Effects of practising on electronic piano

Effects of practising on electronic piano

Effects of practising on electronic piano

WKMT and Juan Rezzuto have released an article on this matter that clearly speaks about the pros and the cons of practising on a digital piano. We strongly recommend you to read and comment it. 

Practising on a digital piano has been long stigmatized as the worst sin amongst pianists. With all new developments, digital pianos have experienced a great deal of resistance from traditional performers and maestros. But are they actually as negative for performers as everyone is claiming?

Practising on a 100% reliable instrument is fundamental when we are in the process of setting up a piece from the scratch. A digital piano fosters a very good habit: practising without pedal. An acoustic piano enhances the sound so much when we use the pedal that we struggle to resist the pull towards embellishing our performance by using it. As opposed to the latter, digital pianos offer a rather poor emulation of the effect of the pedal. This conveniently encourages the use of this device.

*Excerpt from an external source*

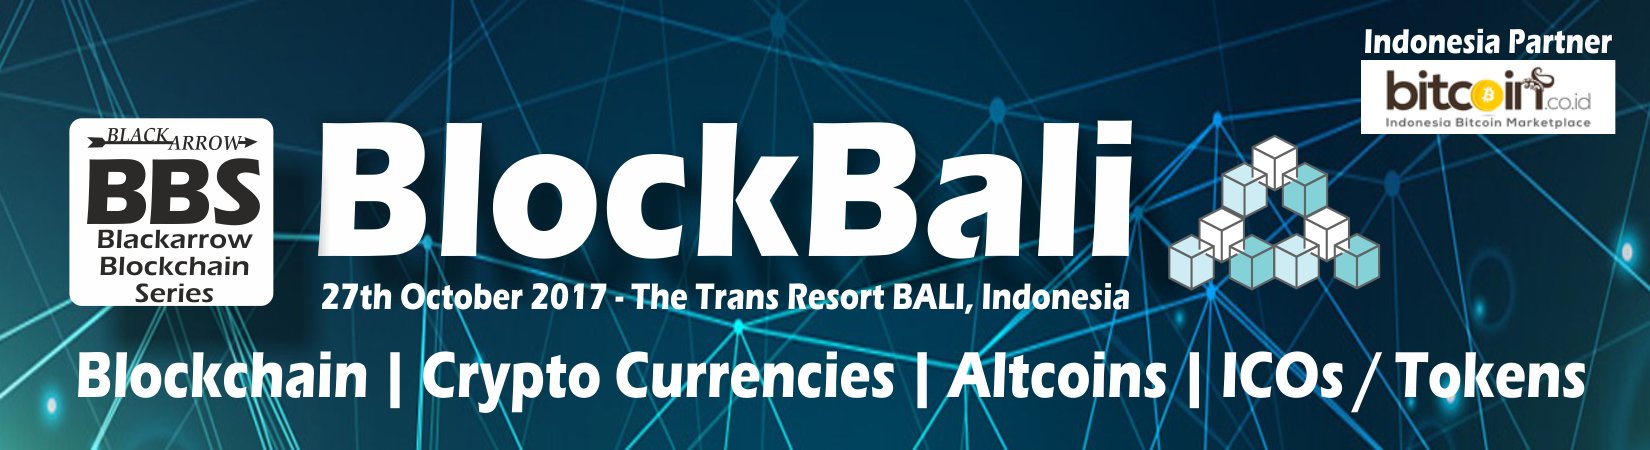 BlockBali Blockchain Conference
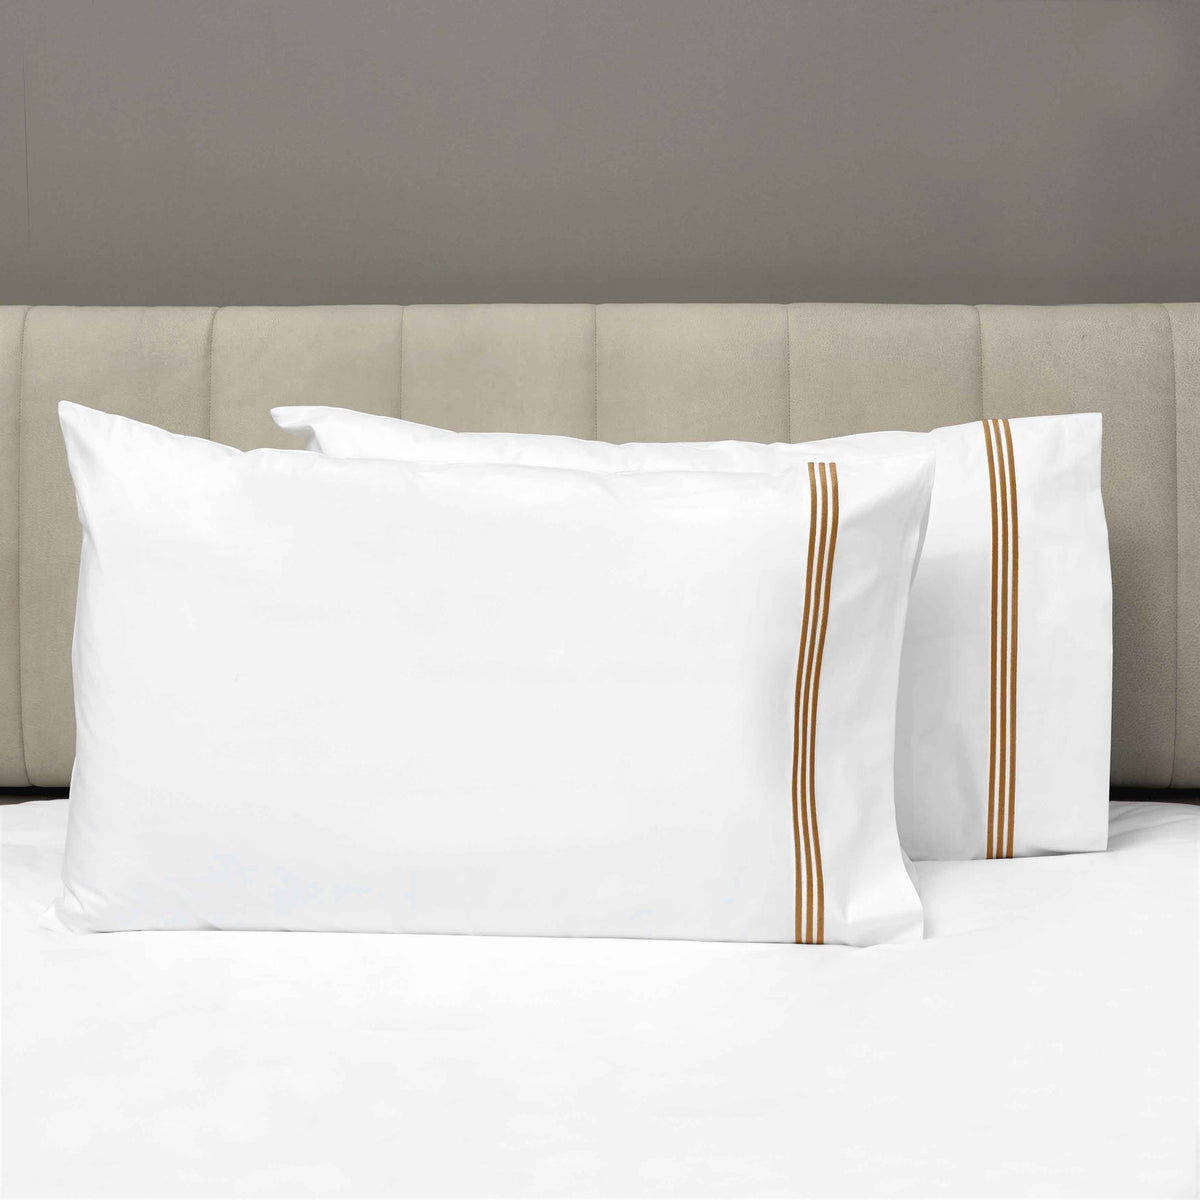 Pair of Pillowcases of Signoria Platinum Percale Bedding in White/Cognac Color

It is also quite remarkable the fact that digital pianos don’t need regular tuning. Practising on a piano that is out of tune can be truly prejudicial to our development and our aural skills. One of the greatest skills of the pianist is represented by their intellectual tuning. As pianists, we are used to listening to all notes perfectly tuned. This fact forges the strongest tuning sense amongst musicians.

It also helps beginner pianists to remain on a healthy instrument ladder. Acquiring a superlative piano when we are still making our first steps into the art of piano performing can prove to be highly prejudicial. As with anything else in life, it is important to make an effort and deserve what we get. the quality and, sometimes, the size of the piano should evolve together with our skill.